Rates have been at this level (near 0%) for nine years now; it’s time to begin a gradual increase. Bond rates, 401Ks and savings accounts are all suffering, which impacts small investors, retirees and families far more than an increase would hurt big business and banks.
The low interest rates were touted to help businesses borrow money to expand during the “Great Recession”, but banks kept a tight hold on their money, preferring to hoard and/or invest themselves. And businesses generally didn’t feel they could afford to borrow money even at low interest. The low prime rate set by the Fed gave banks an excuse to lower the interest rates paid to savings accounts, even for those who in the past were considered premium customers.
My opinion is that Fed members are afraid of the political fallout if they raise rates.

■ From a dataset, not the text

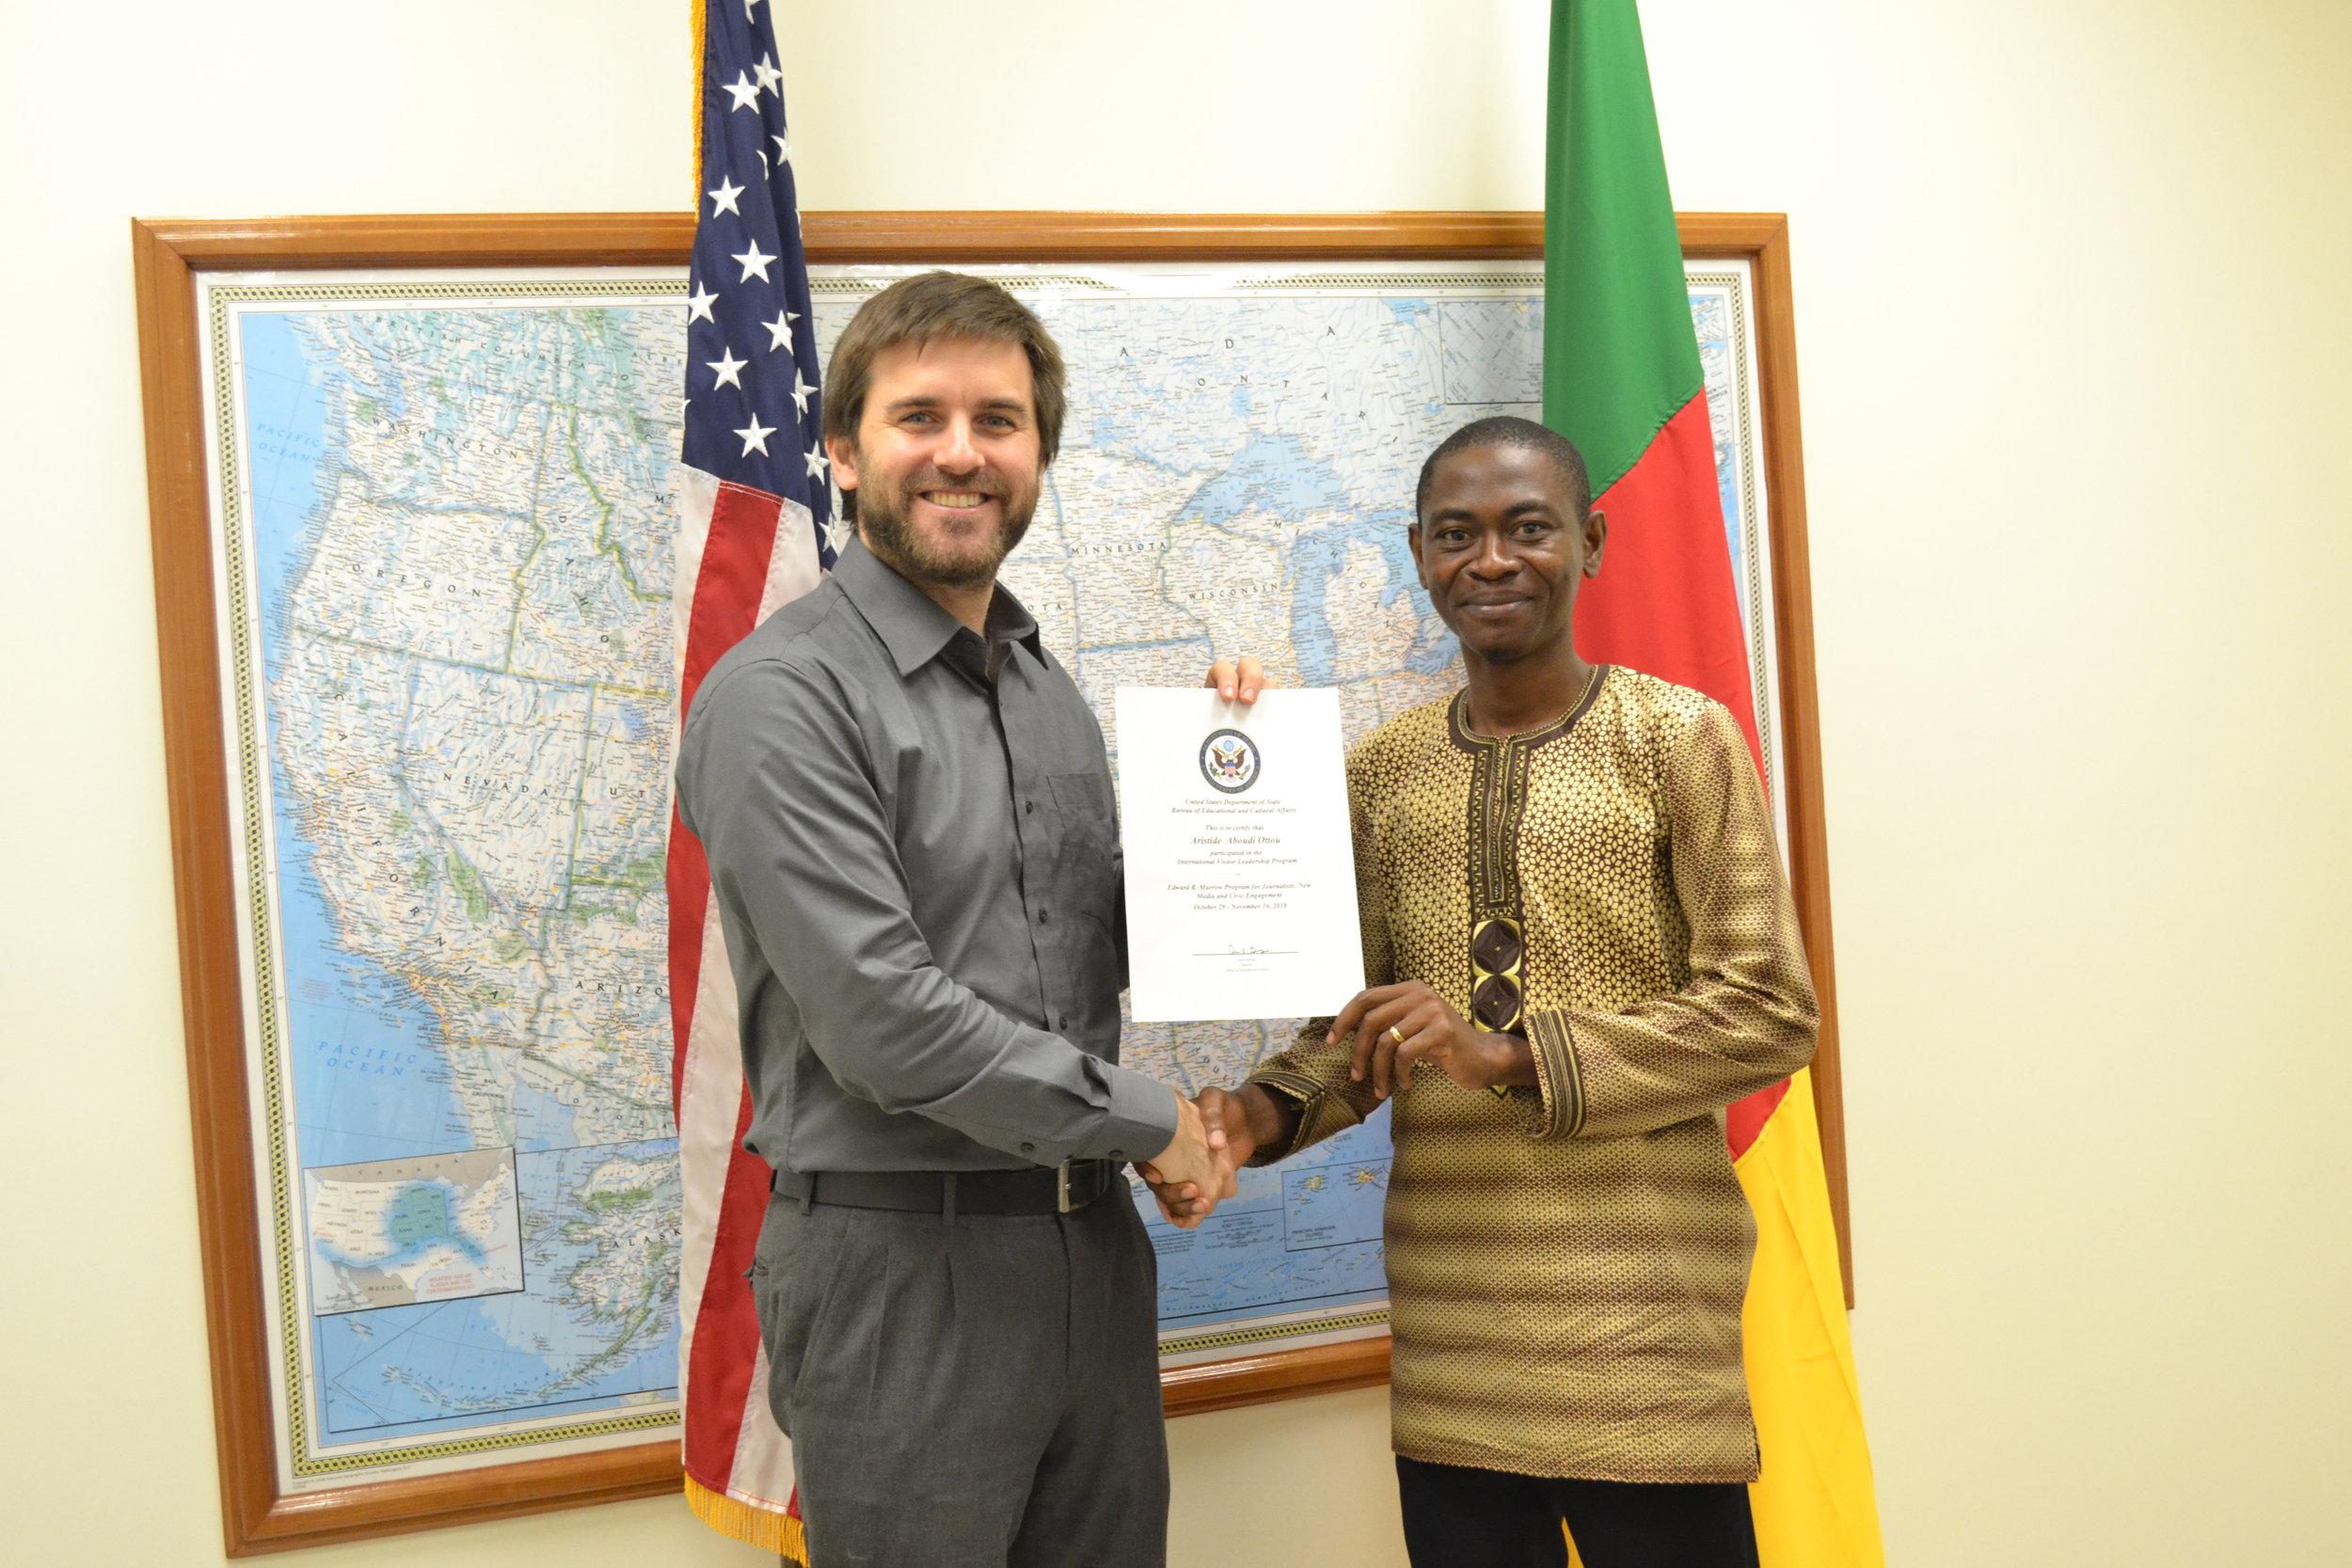 Aristide_Integrity in Journalism.JPG

It wouldn’t surprise me if the current administration is putting pressure on them to keep rates low. After all, if rates increase, the interest the federal government pays on the national debt will rise. That would put a strain on the federal budget, and increase calls for decreased spending and a balanced budget – two things the Obama administration has been adamantly against.
The government should stop meddling in the national economy. Market factors might be a bit volatile in the short term as necessary corrections naturally occur. But in the long-term, the economy will settle where it belongs and growth can begin again.